An exact transcription of all the data is required.

((

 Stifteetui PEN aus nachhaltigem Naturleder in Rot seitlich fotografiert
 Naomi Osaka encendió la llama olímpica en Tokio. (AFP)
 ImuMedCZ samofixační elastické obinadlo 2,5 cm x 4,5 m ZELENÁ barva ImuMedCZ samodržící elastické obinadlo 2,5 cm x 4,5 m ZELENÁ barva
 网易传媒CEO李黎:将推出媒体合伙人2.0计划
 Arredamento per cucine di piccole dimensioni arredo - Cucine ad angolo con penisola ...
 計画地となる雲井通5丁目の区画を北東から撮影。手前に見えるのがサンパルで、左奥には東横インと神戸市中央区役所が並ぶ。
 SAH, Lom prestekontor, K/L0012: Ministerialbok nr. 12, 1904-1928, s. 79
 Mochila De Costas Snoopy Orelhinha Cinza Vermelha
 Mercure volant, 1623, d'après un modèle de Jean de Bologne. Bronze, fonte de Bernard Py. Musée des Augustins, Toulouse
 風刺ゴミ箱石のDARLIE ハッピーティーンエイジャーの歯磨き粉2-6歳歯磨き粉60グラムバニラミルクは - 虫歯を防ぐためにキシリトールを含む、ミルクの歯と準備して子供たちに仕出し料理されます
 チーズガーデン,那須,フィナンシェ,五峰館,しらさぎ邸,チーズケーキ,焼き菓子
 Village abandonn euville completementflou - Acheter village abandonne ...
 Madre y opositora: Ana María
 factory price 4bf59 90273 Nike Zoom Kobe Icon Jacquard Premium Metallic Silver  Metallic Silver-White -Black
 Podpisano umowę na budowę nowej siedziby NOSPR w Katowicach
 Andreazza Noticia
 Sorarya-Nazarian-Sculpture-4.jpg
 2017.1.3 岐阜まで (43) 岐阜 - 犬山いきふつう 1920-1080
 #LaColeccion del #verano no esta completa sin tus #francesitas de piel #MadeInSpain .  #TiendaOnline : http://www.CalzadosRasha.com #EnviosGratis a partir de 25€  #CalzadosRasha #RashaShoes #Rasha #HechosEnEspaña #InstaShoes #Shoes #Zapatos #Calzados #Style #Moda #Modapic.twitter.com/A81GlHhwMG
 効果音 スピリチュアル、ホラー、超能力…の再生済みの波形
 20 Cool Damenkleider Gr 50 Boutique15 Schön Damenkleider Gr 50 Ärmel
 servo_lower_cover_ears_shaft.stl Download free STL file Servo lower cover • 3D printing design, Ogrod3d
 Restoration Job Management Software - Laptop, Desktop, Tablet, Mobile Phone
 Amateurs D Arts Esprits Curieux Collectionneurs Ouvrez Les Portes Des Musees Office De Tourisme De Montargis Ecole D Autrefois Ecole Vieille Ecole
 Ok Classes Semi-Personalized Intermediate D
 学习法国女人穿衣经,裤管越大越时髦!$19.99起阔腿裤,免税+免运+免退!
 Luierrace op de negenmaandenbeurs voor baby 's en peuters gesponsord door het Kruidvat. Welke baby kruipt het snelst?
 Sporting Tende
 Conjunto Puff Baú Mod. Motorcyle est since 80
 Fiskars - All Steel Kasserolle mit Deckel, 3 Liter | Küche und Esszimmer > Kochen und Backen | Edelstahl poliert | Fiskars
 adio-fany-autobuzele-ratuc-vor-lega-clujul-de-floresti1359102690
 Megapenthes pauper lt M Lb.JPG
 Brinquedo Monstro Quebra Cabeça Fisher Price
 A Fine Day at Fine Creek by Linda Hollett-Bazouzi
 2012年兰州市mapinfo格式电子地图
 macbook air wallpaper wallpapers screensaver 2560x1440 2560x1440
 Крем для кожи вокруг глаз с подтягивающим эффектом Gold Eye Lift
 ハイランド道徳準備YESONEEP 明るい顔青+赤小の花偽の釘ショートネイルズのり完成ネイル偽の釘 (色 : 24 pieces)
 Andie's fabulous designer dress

))

## Expected output
 Stifteetui PEN aus nachhaltigem Naturleder in Rot seitlich fotografiert
 Naomi Osaka encendió la llama olímpica en Tokio. (AFP)
 ImuMedCZ samofixační elastické obinadlo 2,5 cm x 4,5 m ZELENÁ barva ImuMedCZ samodržící elastické obinadlo 2,5 cm x 4,5 m ZELENÁ barva
 网易传媒CEO李黎:将推出媒体合伙人2.0计划
 Arredamento per cucine di piccole dimensioni arredo - Cucine ad angolo con penisola ...
 計画地となる雲井通5丁目の区画を北東から撮影。手前に見えるのがサンパルで、左奥には東横インと神戸市中央区役所が並ぶ。
 SAH, Lom prestekontor, K/L0012: Ministerialbok nr. 12, 1904-1928, s. 79
 Mochila De Costas Snoopy Orelhinha Cinza Vermelha
 Mercure volant, 1623, d'après un modèle de Jean de Bologne. Bronze, fonte de Bernard Py. Musée des Augustins, Toulouse
 風刺ゴミ箱石のDARLIE ハッピーティーンエイジャーの歯磨き粉2-6歳歯磨き粉60グラムバニラミルクは - 虫歯を防ぐためにキシリトールを含む、ミルクの歯と準備して子供たちに仕出し料理されます
 チーズガーデン,那須,フィナンシェ,五峰館,しらさぎ邸,チーズケーキ,焼き菓子
 Village abandonn euville completementflou - Acheter village abandonne ...
 Madre y opositora: Ana María
 factory price 4bf59 90273 Nike Zoom Kobe Icon Jacquard Premium Metallic Silver  Metallic Silver-White -Black
 Podpisano umowę na budowę nowej siedziby NOSPR w Katowicach
 Andreazza Noticia
 Sorarya-Nazarian-Sculpture-4.jpg
 2017.1.3 岐阜まで (43) 岐阜 - 犬山いきふつう 1920-1080
 #LaColeccion del #verano no esta completa sin tus #francesitas de piel #MadeInSpain .  #TiendaOnline : http://www.CalzadosRasha.com #EnviosGratis a partir de 25€  #CalzadosRasha #RashaShoes #Rasha #HechosEnEspaña #InstaShoes #Shoes #Zapatos #Calzados #Style #Moda #Modapic.twitter.com/A81GlHhwMG
 効果音 スピリチュアル、ホラー、超能力…の再生済みの波形
 20 Cool Damenkleider Gr 50 Boutique15 Schön Damenkleider Gr 50 Ärmel
 servo_lower_cover_ears_shaft.stl Download free STL file Servo lower cover • 3D printing design, Ogrod3d
 Restoration Job Management Software - Laptop, Desktop, Tablet, Mobile Phone
 Amateurs D Arts Esprits Curieux Collectionneurs Ouvrez Les Portes Des Musees Office De Tourisme De Montargis Ecole D Autrefois Ecole Vieille Ecole
 Ok Classes Semi-Personalized Intermediate D
 学习法国女人穿衣经,裤管越大越时髦!$19.99起阔腿裤,免税+免运+免退!
 Luierrace op de negenmaandenbeurs voor baby 's en peuters gesponsord door het Kruidvat. Welke baby kruipt het snelst?
 Sporting Tende
 Conjunto Puff Baú Mod. Motorcyle est since 80
 Fiskars - All Steel Kasserolle mit Deckel, 3 Liter | Küche und Esszimmer > Kochen und Backen | Edelstahl poliert | Fiskars
 adio-fany-autobuzele-ratuc-vor-lega-clujul-de-floresti1359102690
 Megapenthes pauper lt M Lb.JPG
 Brinquedo Monstro Quebra Cabeça Fisher Price
 A Fine Day at Fine Creek by Linda Hollett-Bazouzi
 2012年兰州市mapinfo格式电子地图
 macbook air wallpaper wallpapers screensaver 2560x1440 2560x1440
 Крем для кожи вокруг глаз с подтягивающим эффектом Gold Eye Lift
 ハイランド道徳準備YESONEEP 明るい顔青+赤小の花偽の釘ショートネイルズのり完成ネイル偽の釘 (色 : 24 pieces)
 Andie's fabulous designer dress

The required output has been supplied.